Personal information
- Native name: Páidí Ó Muirí (Irish)
- Born: 1970 (age 55–56) Kilmichael, County Cork, Ireland
- Occupation: Financial consultant
- Height: 5 ft 7 in (170 cm)

Sport
- Sport: Hurling

Clubs
- Years: Club
- Kilmichael GAA Dohenys Cloughduv → Muskerry St Finbarr's

Club titles
- Cork titles: 0

Club management
- Years: Club
- Dohenys

Inter-county management
- Years: Team
- 2011–2021: Cork (camogie senior team)

Inter-county titles as manager
- County: League / Province / All-Ireland
- Cork (camogie): 4 / 0 / 0

= Paudie Murray =

Cork hurler and camogie manager

Pádraig Murray (born 1970) is an Irish cork camogie manager and former hurler, who spent a decade as manager of the Cork senior camogie team. He is a former player with club sides Cloughduv and Dohenys and the Muskerry divisional team.

==Playing career==
Murray first came to sporting prominence as a hurler with Cloughduv and as a Gaelic footballer with Dohenys.
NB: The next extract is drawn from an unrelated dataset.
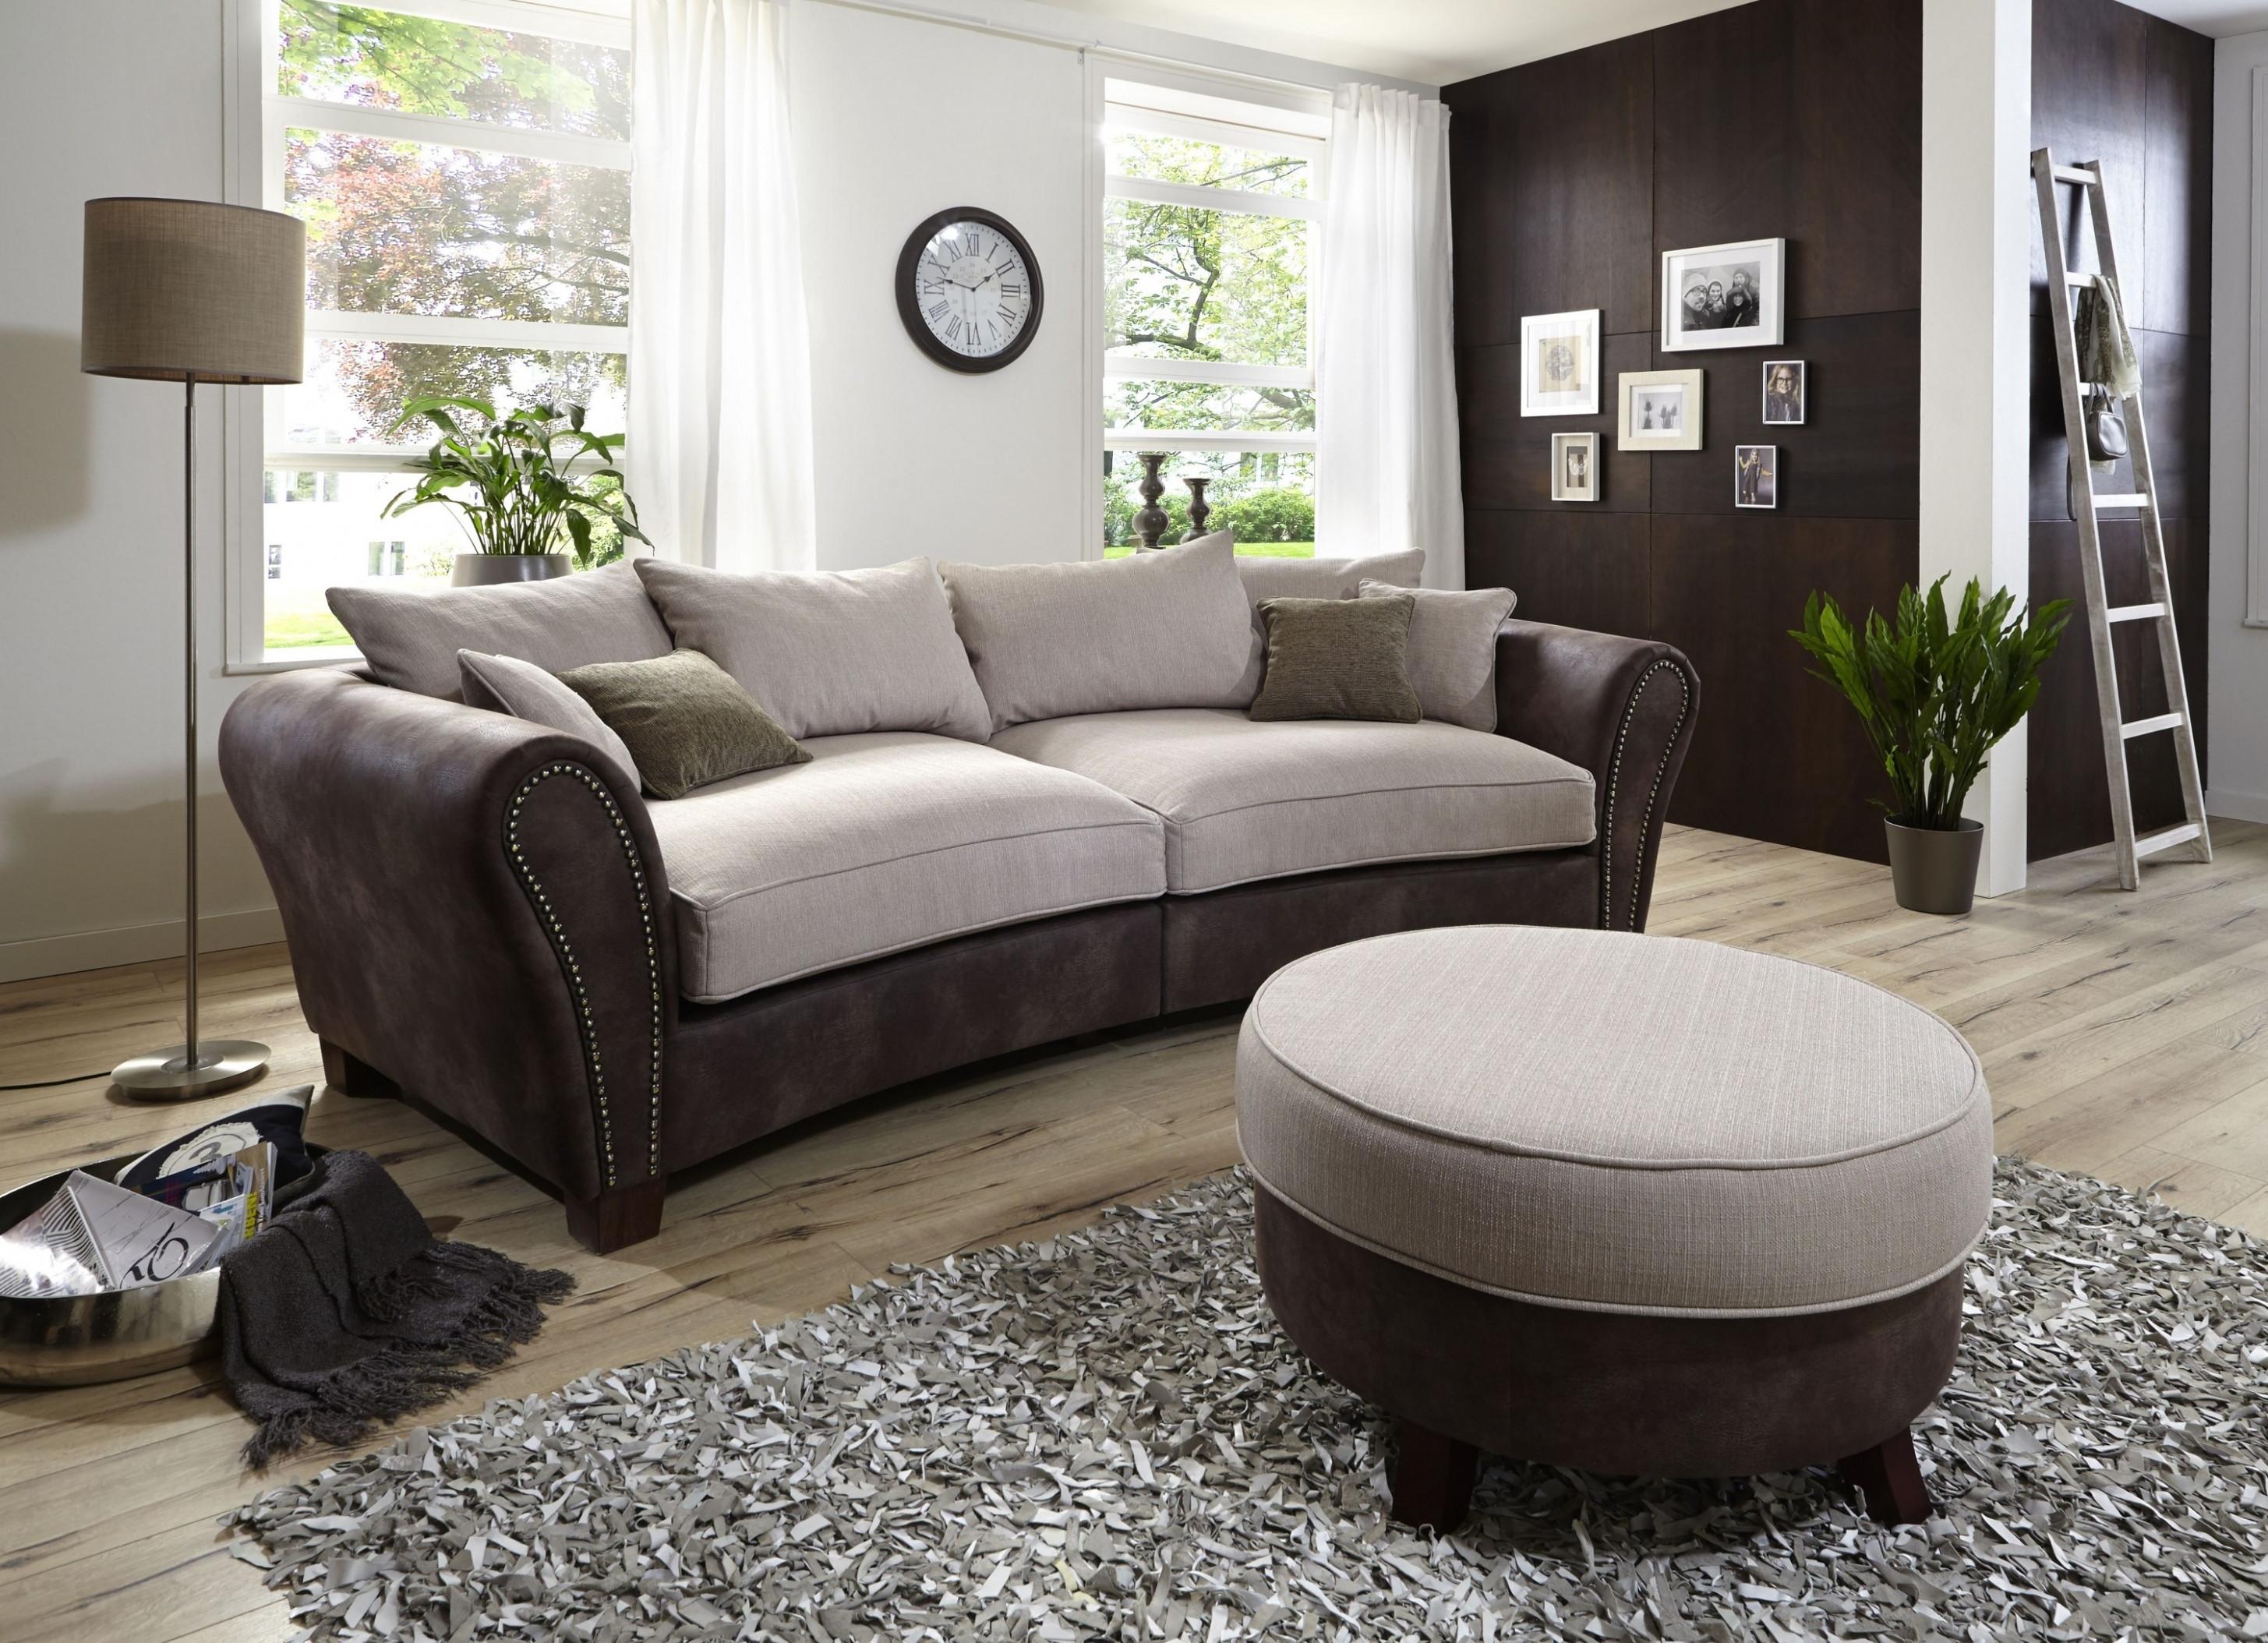 Big Sofa Günstig  Big Sofa Günstig Kaufen österreich
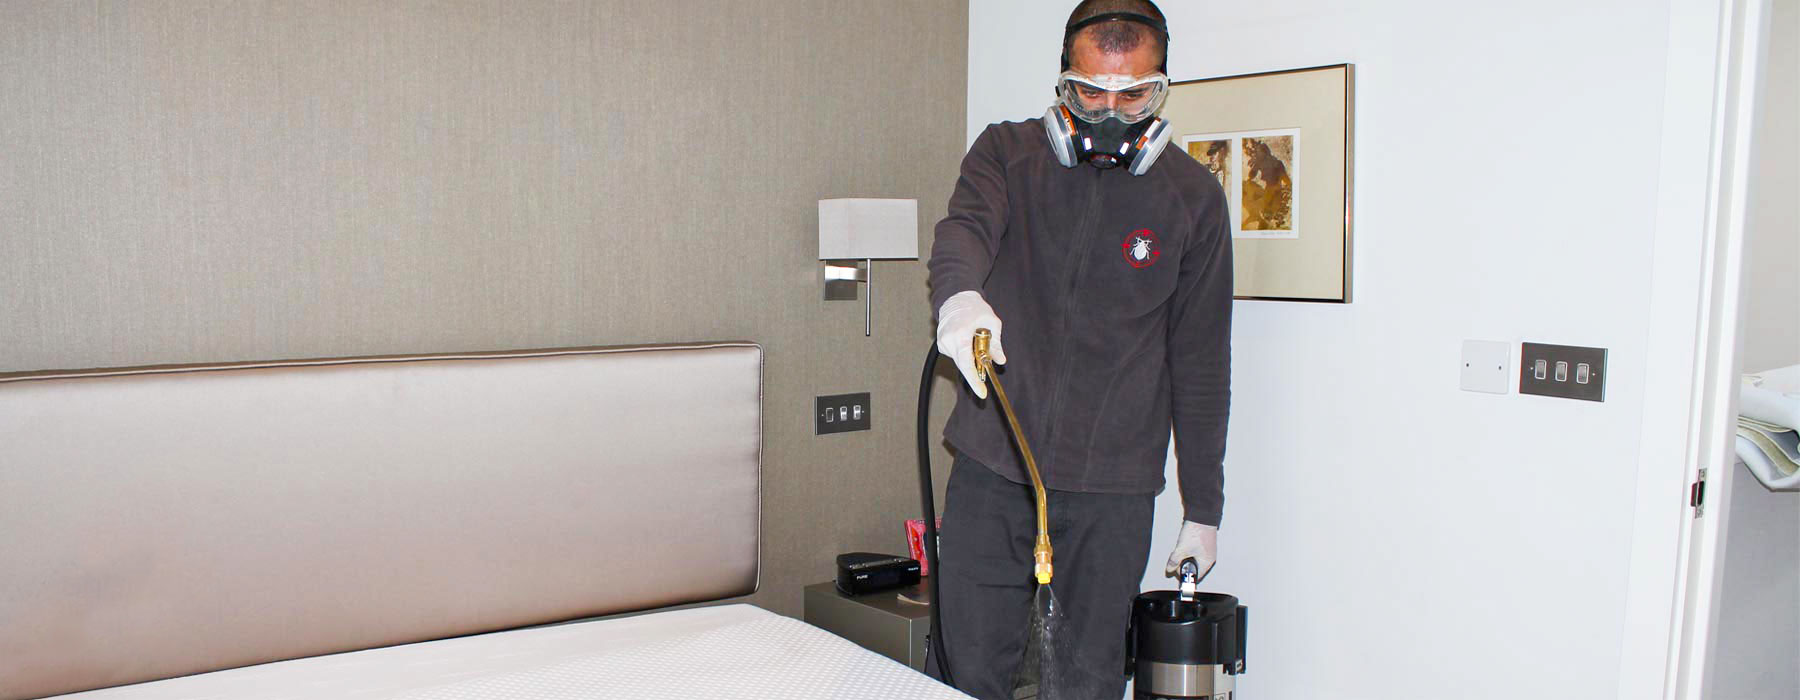 bed-bug-hotel-treatment-london

He enjoyed more success with the latter, winning a County Junior Championship title in 1993 before captaining the team to the County Intermediate Championship title two years later. He also earned selection with the Muskerry divisional team, before later joining the St Finbarr's club. Murray's inter-county experience was limited to one season with the Cork minor hurling team. He lined came on as a substitute in Cork's 1988 All-Ireland MHC final defeat by Kilkenny.

==Managerial career==
Murray's first move into management came during a two-year spell with the Dohenys senior football team in 2010 and 2011. He was appointed manager of the Cork senior camogie team in December 2011, serving in that position for a decade. During that time Murray guided the team to four All-Ireland SCC titles from seven appearances in finals.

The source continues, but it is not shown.